Frustration and the Kinetic Repartitioning Mechanism of Substrate Inhibition in Enzyme Catalysis

Affiliations

Frustration and the Kinetic Repartitioning Mechanism of Substrate Inhibition in Enzyme Catalysis

Yangyang Zhang et al. J Phys Chem B. .

Abstract

Substrate inhibition, whereby enzymatic activity decreases with excess substrate after reaching a maximum turnover rate, is among the most elusive phenomena in enzymatic catalysis. Here, based on a dynamic energy landscape model, we investigate the underlying mechanism by performing molecular simulations and frustration analysis for a model enzyme adenylate kinase (AdK), which catalyzes the phosphoryl transfer reaction ATP + AMP ⇋ ADP + ADP. Intriguingly, these reveal a kinetic repartitioning mechanism of substrate inhibition, whereby excess substrate AMP suppresses the population of an energetically frustrated, but kinetically activated, catalytic pathway going through a substrate (ATP)-product (ADP) cobound complex with steric incompatibility.
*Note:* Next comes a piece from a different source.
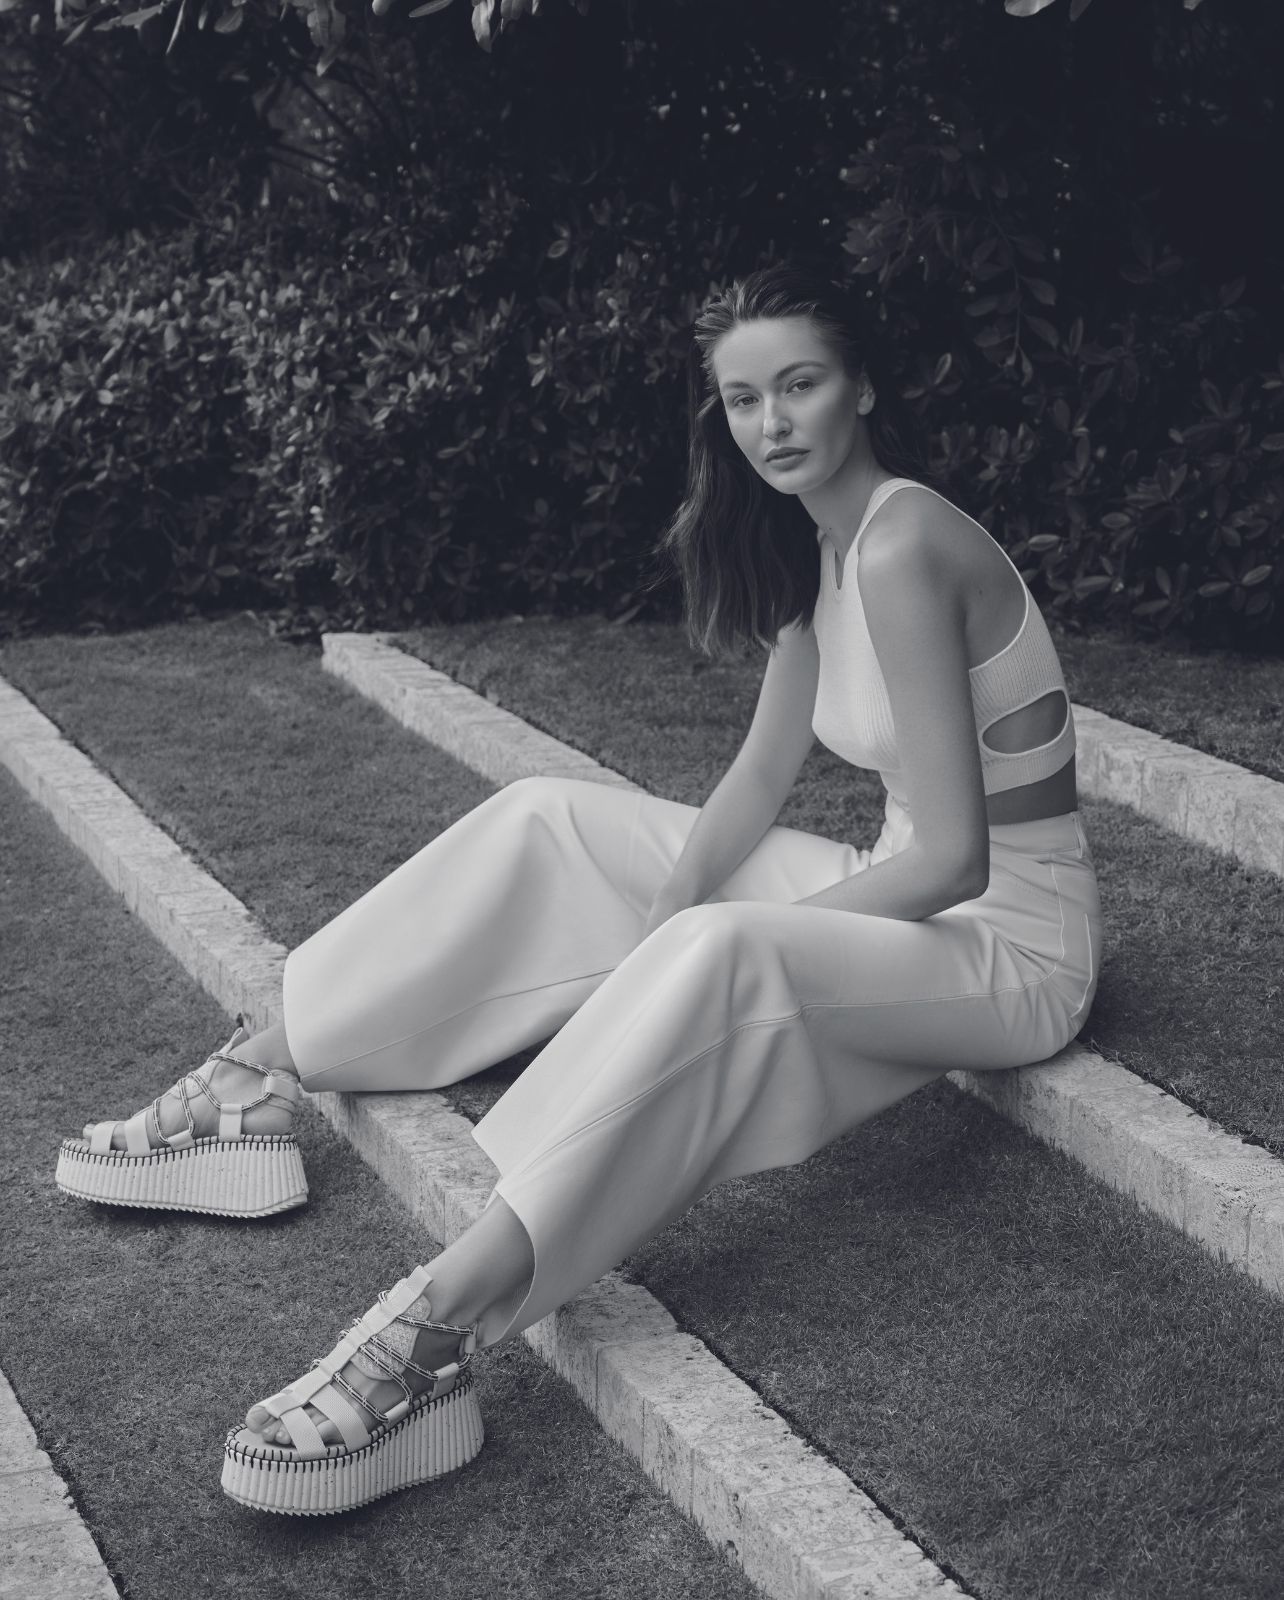 Model poses in grass wearing white Chloe pants, top, and platform sandals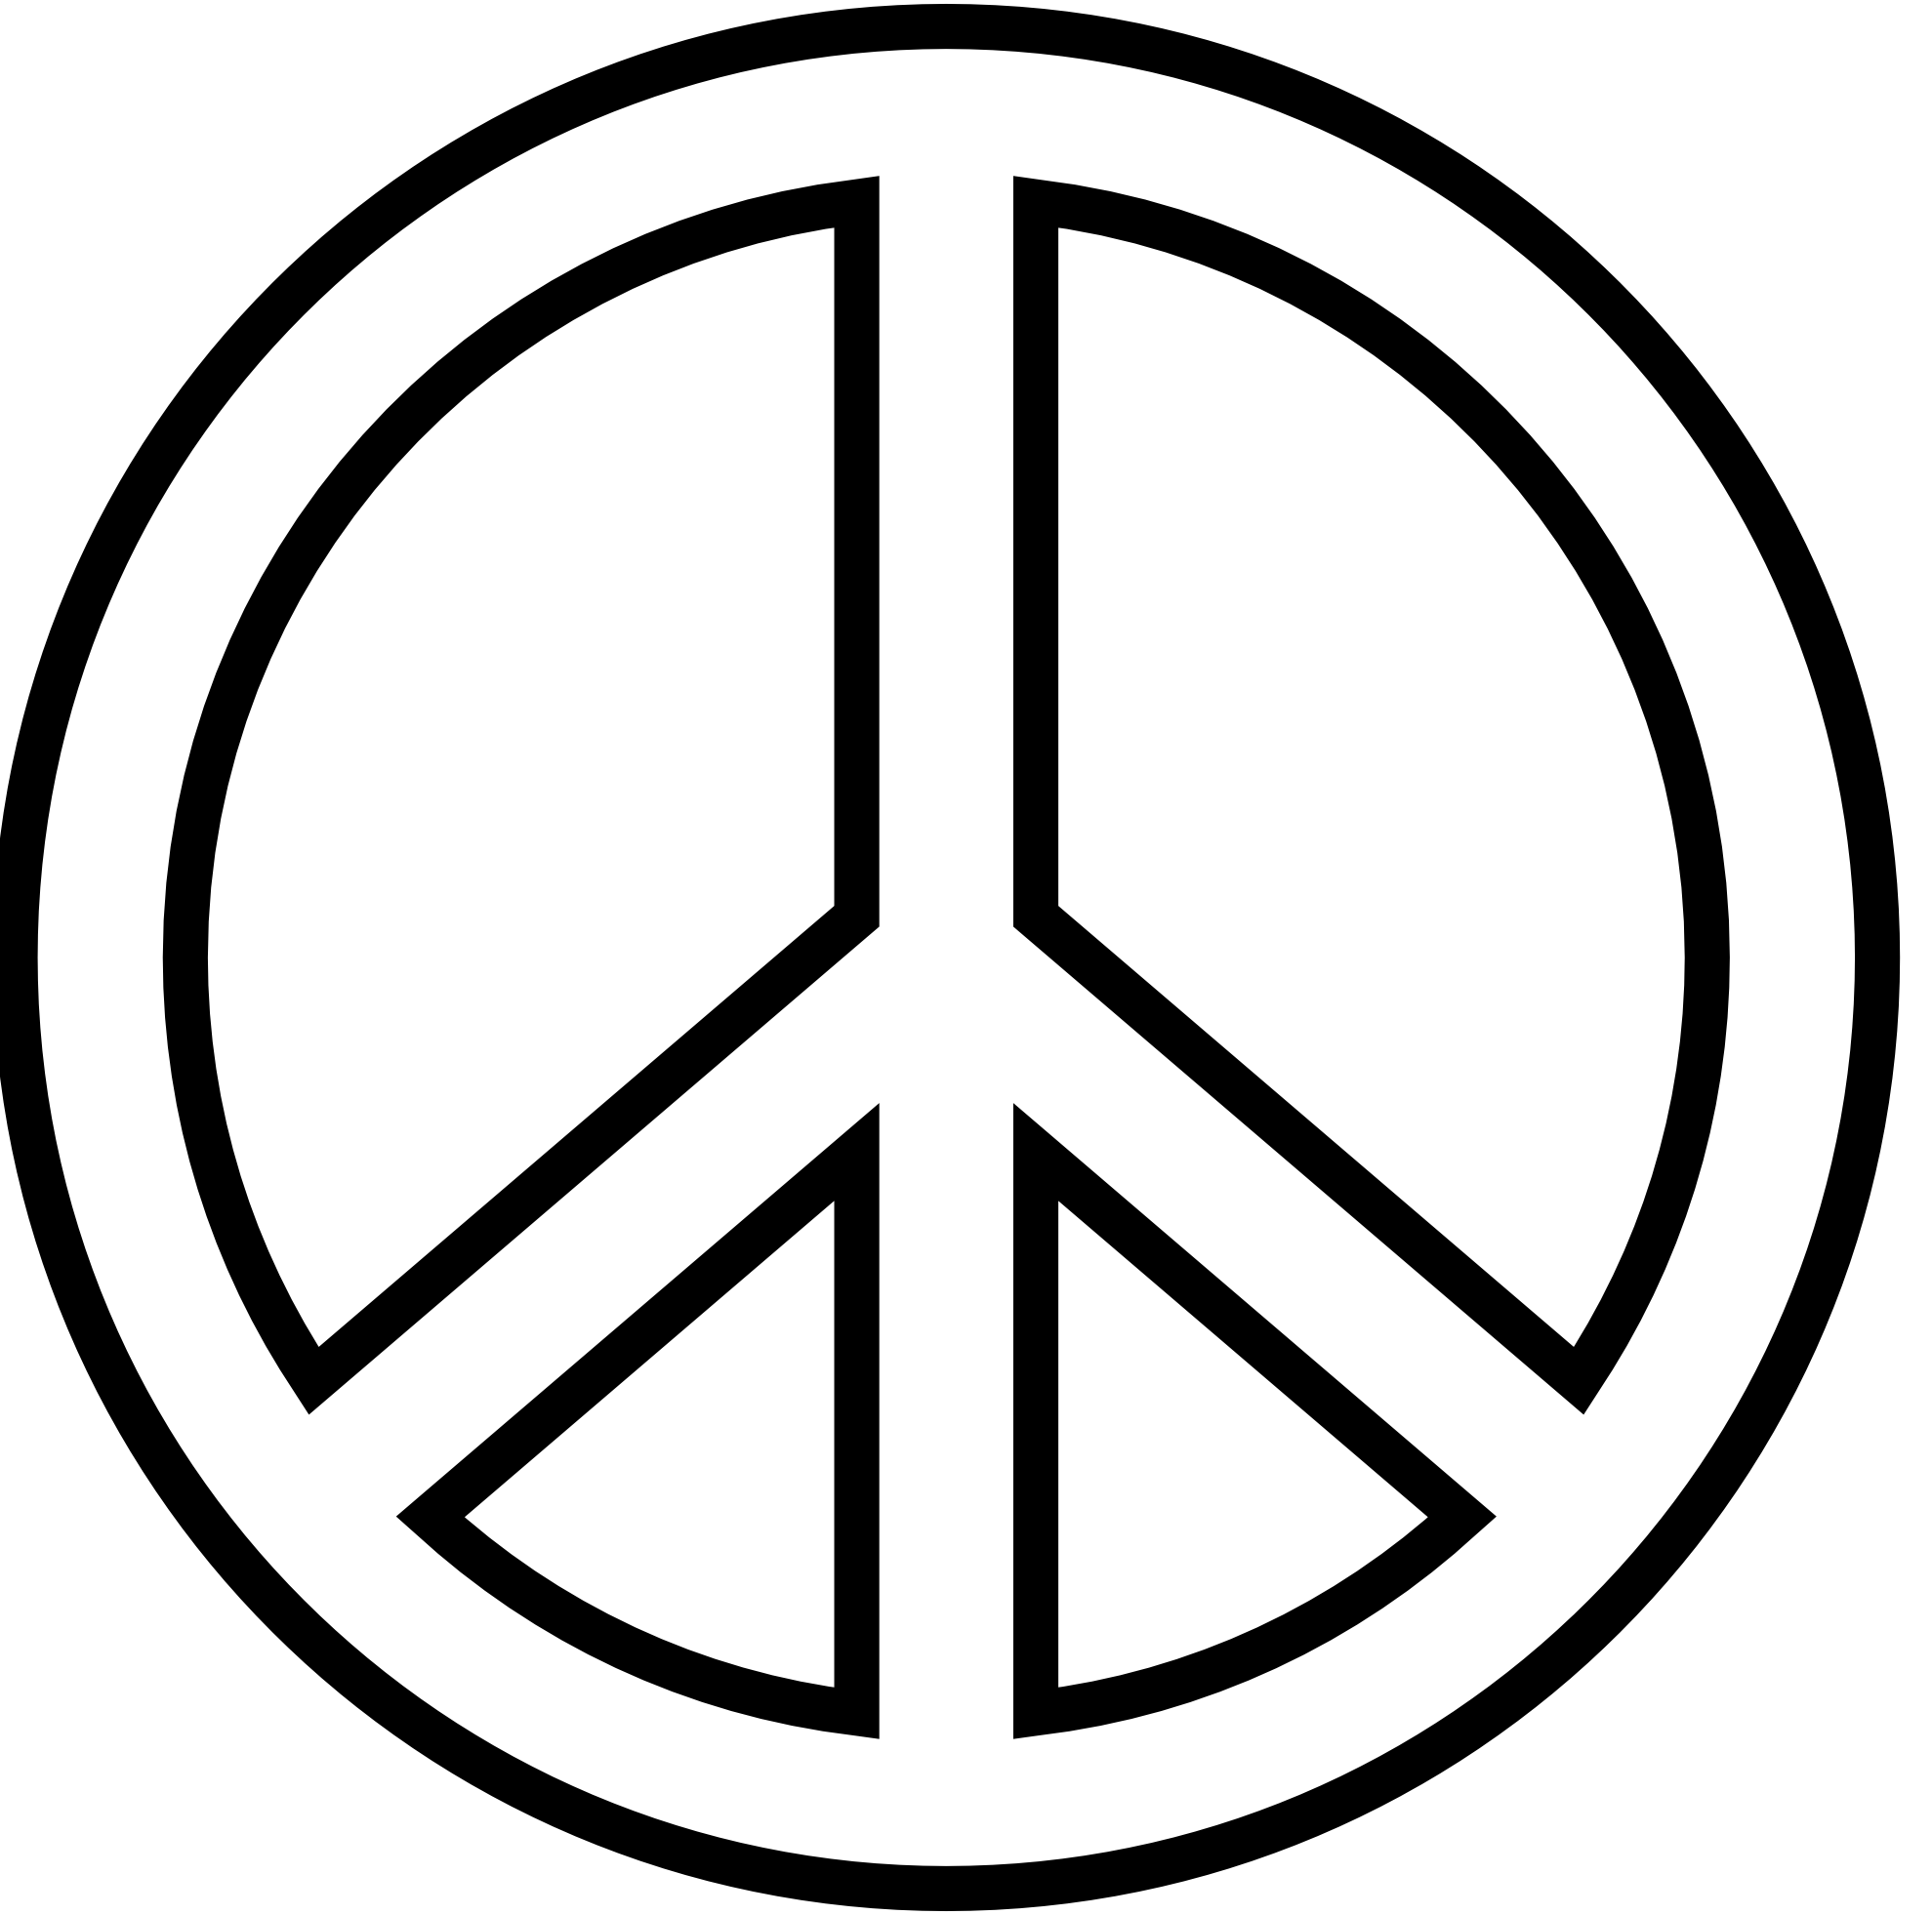 Peace Sign Images Free Clip Art - Cliparts.co

Such a frustrated pathway plays a crucial role in facilitating the bottleneck product ADP release, and its suppression by excess substrate AMP leads to a slow down of product release and overall turnover. The simulation results directly demonstrate that substrate inhibition arises from the rate-limiting product-release step, instead of the steps for populating the catalytically competent complex as often suggested in previous works. Furthermore, there is a tight interplay between the enzyme conformational equilibrium and the extent of substrate inhibition. Mutations biasing to more closed conformations tend to enhance substrate inhibition. We also characterized the key features of single-molecule enzyme kinetics with substrate inhibition effect. We propose that the above molecular mechanism of substrate inhibition may be relevant to other multisubstrate enzymes in which product release is the bottleneck step.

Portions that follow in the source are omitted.